The millennials aren’t saving any money. I mean, a few twentysomethings might be stuffing some crinkly dollar bills under their futons or something, but in aggregate, we’re burning more cash than we're putting away. Earlier this week the Wall Street Journal reported that following “a flirtation with thrift after the recession,” the personal savings rate of Americans under the age of 35 has dipped to -1.8 percent. The median net worth of young households has also plummeted since the recession.
wsj_millennials
This news has, of course, led to both shrieking and thumb-sucking. “Millennials Face a Savings Time Bomb,” CBS declared in a follow-up story. (Our empty checking accounts are apparently incendiary devices now.) The Atlantic, taking a turn into econo-cultural analysis, suggested that “the fact that Millennials are more skeptical than ever of banks” might have something to do with our spendthrift ways.

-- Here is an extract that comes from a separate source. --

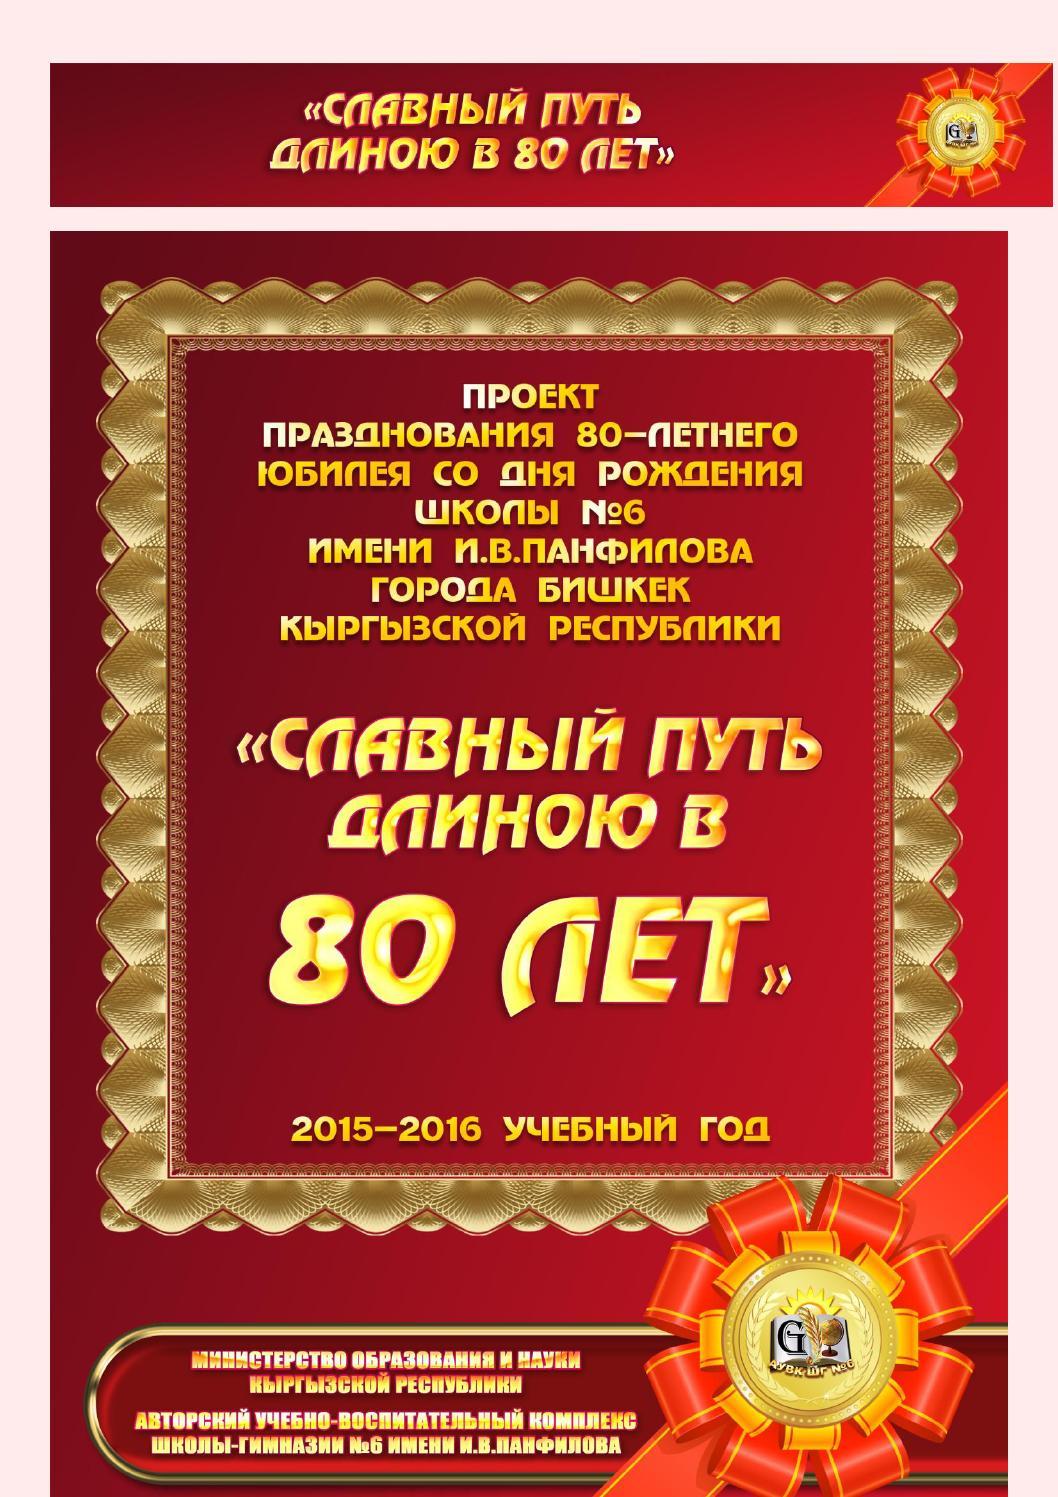 Вязание мужских носков Схемы вязания. ру 79
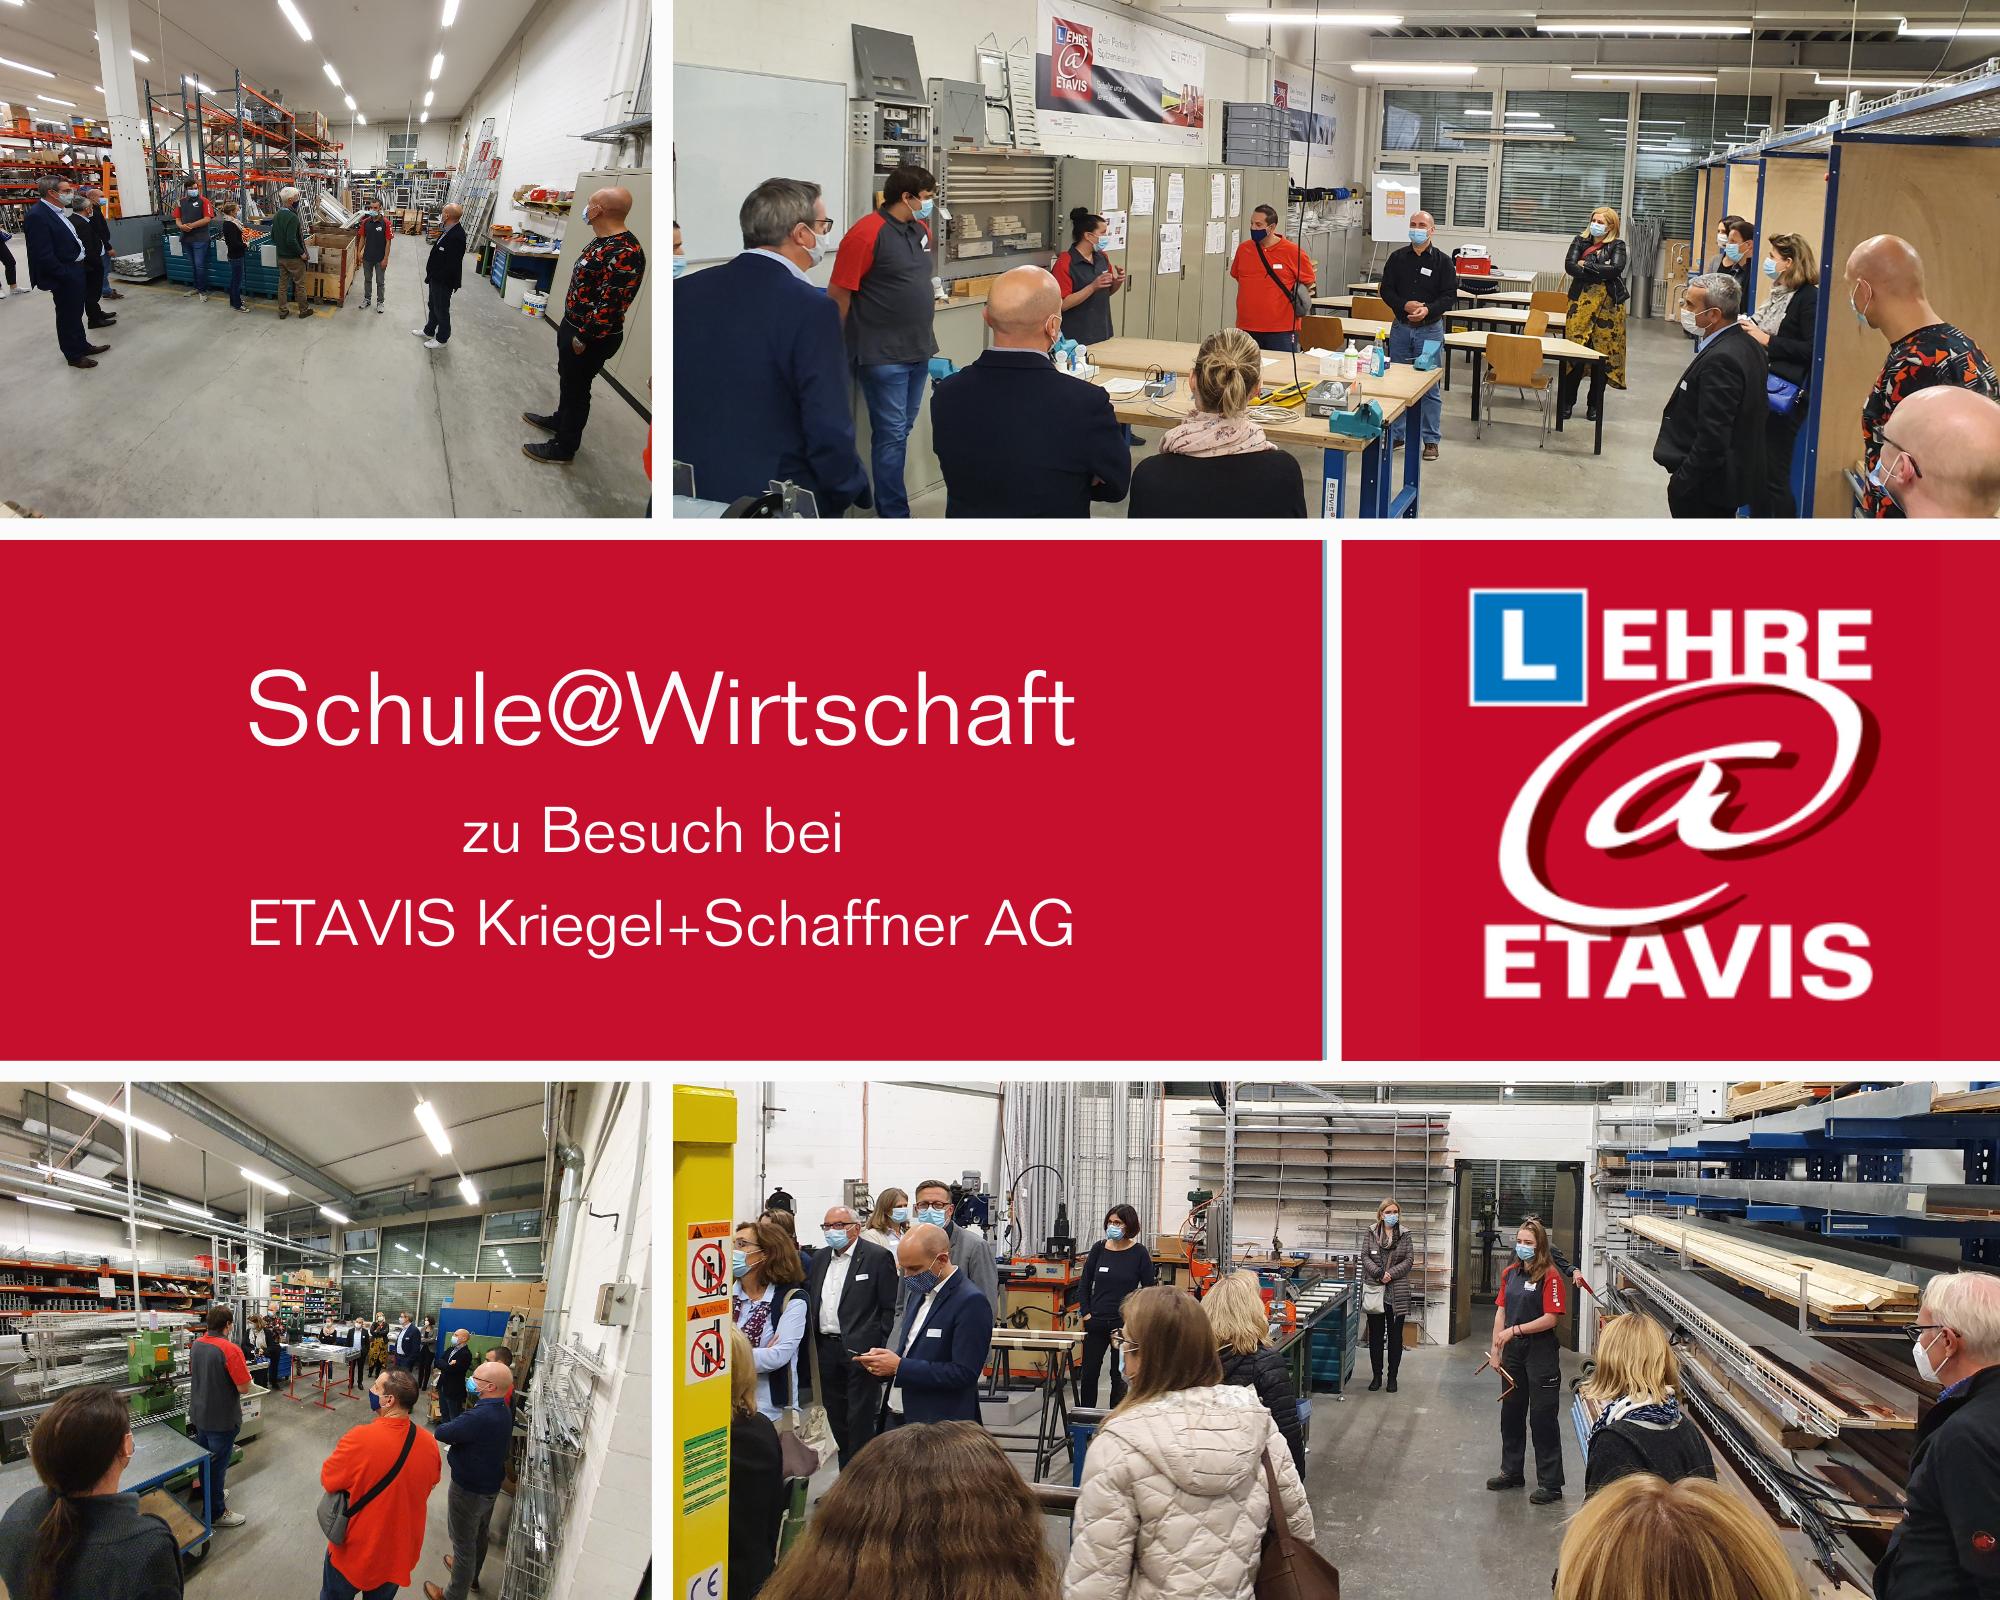 Schule@Wirtschaft bei ETAVIS Kriegel+Schaffner AG: Karriere mit Lehre

It is true that millennials are probably in worse financial shape than Gen X or the Boomers were at their age. We have far more student debt than any generation before, which has cut into our wealth, and we graduated into a blasted moonscape of a job market (although, to be fair, the early 1980s weren’t exactly a fun time to enter the workforce, either). But I think something should be made clear here: Young adults have never been good at saving, and they are no worse at it today than 15 or 20 years ago. For the past quarter-century, in fact, a negative savings rate seems to have been the norm for the under-35 set, as shown on the graph below, based on the same Moody’s Analytics data the WSJ used for its story. (It's a bit hard to read—sorry—but the chart stretches back to 1989.)
moodys
Moody's Analytics
This shouldn't be surprising. Young people don't make a great deal of money. But they are busy buying their first cars and first homes, and having their first children. At least, they typically are during good economic times. It's worth noting that the last time the young adult savings rate turned positive, according to Moody's, was during the rough patch of the early 1990s. I don't think the reason for that was that the savings and loan crisis made Gen Xers distrust the financial industry. Rather, when the labor market gets choppy, young people put away their credit cards and are less likely to make big life purchases.
So the problem for millennials doesn't appear to be that we're frightened of JPMorgan or comfortable putting away an unusually small share of our income. It's that we've gotten a start in life at an inopportune moment in history, and probably have lower salaries and higher education debt to show for it. We're not bad savers by American standards. But American standards might not be good enough, at least if any of us ever want to retire.